My general question is: Using frequentist statistics, what should my null hypothesis be? The most natural null, I believe, is that the two distributions are the same. However, the dangerous outcome is that I treat the code change as not affecting distributions, when in fact it did affect them. That makes it seem as if the null should be that the distributions are different.
(In order to try to get answers that will be especially helpful, maybe I should say up front that I find some of the traditional ways of talking about choice of null in terms of "what you want to reject" as sometimes unhelpful, counterintuitive, or contrary to what scientists do--as opposed to what they say when they're being fastidious.
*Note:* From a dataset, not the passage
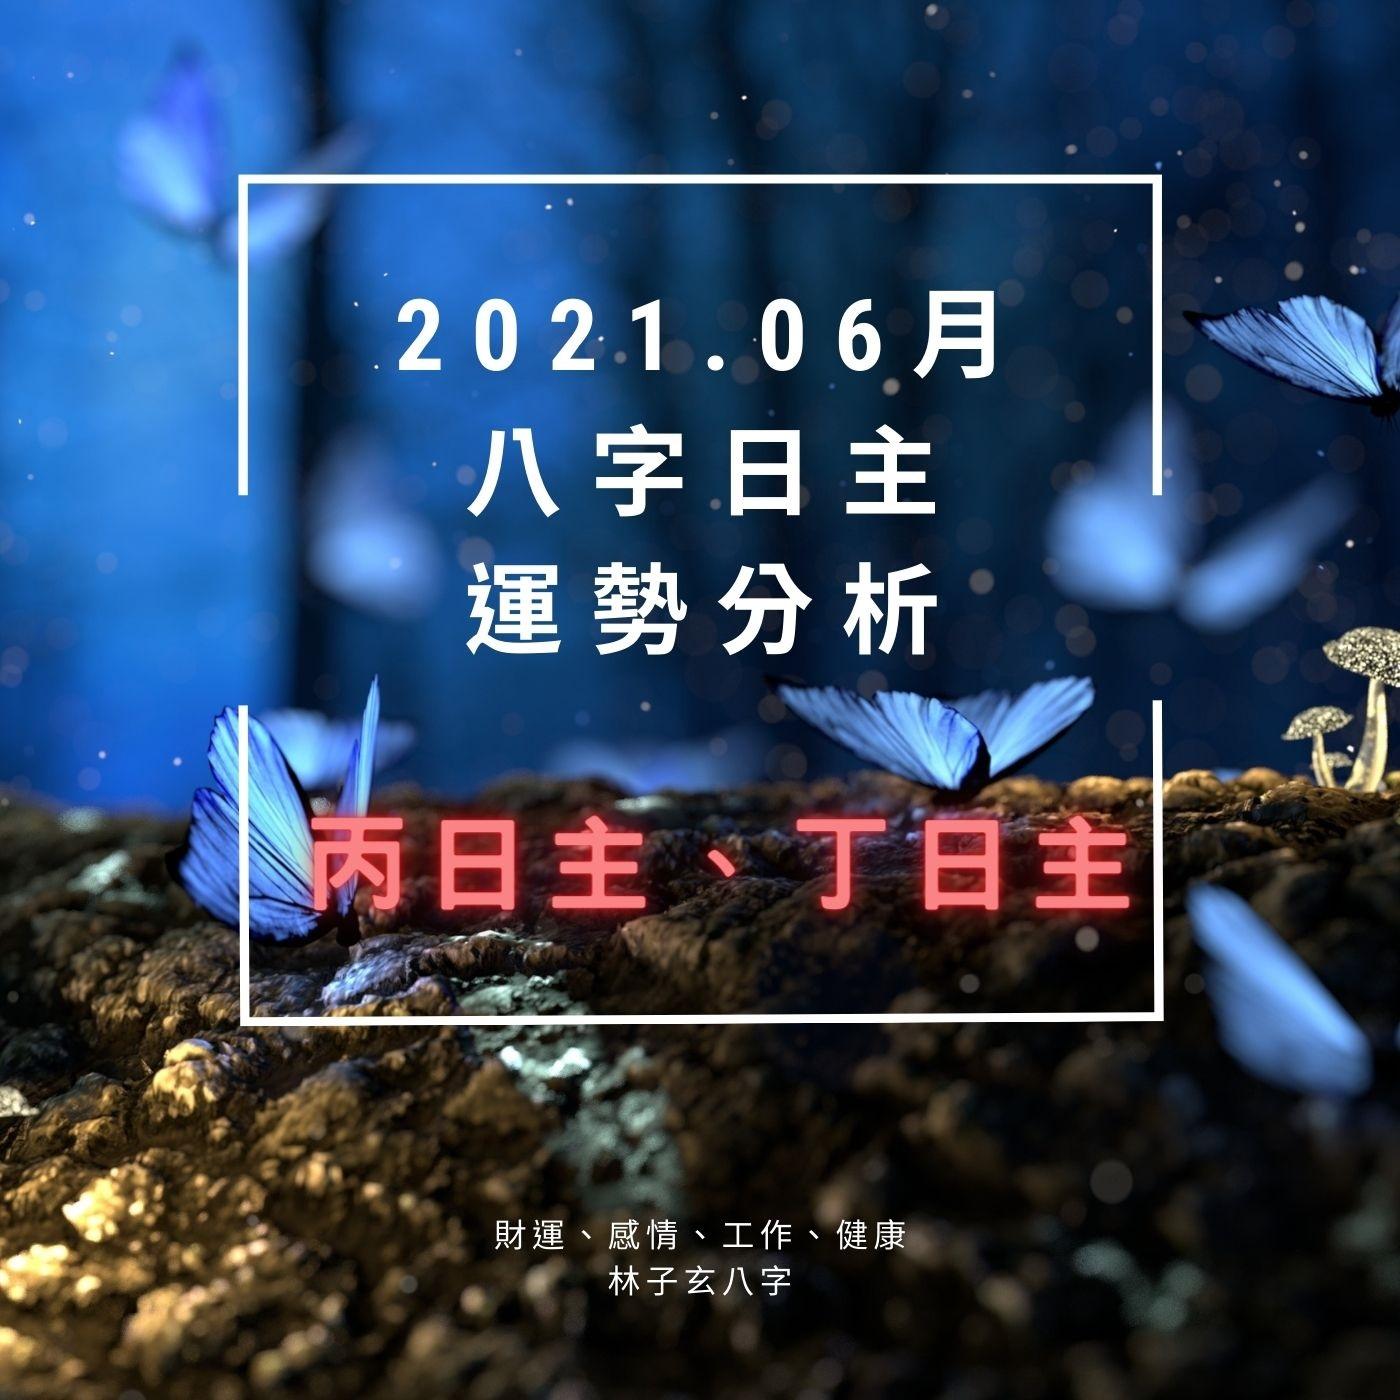 2021.06月辛丑年 八字日主運勢分析,丙日主、丁日主(06/05-07/06)

These answers How to specify the null hypothesis in hypothesis testing fit my understanding pretty well, but I would like to some confirmation about how I'm thinking about my particular problem. In general, my feeling is that the real issue in the choice of null concerns risk. The null should be the alternative which is less costly--for you, for society, whatever--to accept. It's the safe choice. That's why we accept the alternative only if the results are extremely unlikely given the null. In my case, the safe choice is to distrust the intuition that the code change made no difference. Feel free to tell me that I'm wrong, of course! My question is also related to Which one is the null hypothesis?, but I didn't find that discussion sufficiently helpful for my case.)
Here are further details which don't matter, I think. You can stop reading unless the following looks relevant:
I did test the "same-distribution" null for several different pairs of outcomes. I used a bootstrapped Kolmogorov-Smirnov tests to get p-values, because the simulations are too complex to know the nature of the underlying distributions, and because the outcomes are roughly discrete (outcomes can vary from -1 to 1, but always converge to near one of several fractional values in practice). In all cases the p-values were greater than .05, so I do not have good evidence the distributions are the same in each case. If I take the null to be that all of these distributions are the same, then I am doing multiple testing--8 tests in all, as it happens, one for each of the numbers generated by a single simulation run--so the relevant level is much lower, .00625: Even better, I think. None of my p-values are anywhere near that cutoff! Do you see what I mean: That this seems like the wrong way to think about testing whether the code change has resulted in a difference in outcome distributions in this case? It's too easy to find that the distributions are the same, and too hard to find that they're different. Should the null be that the distributions are different?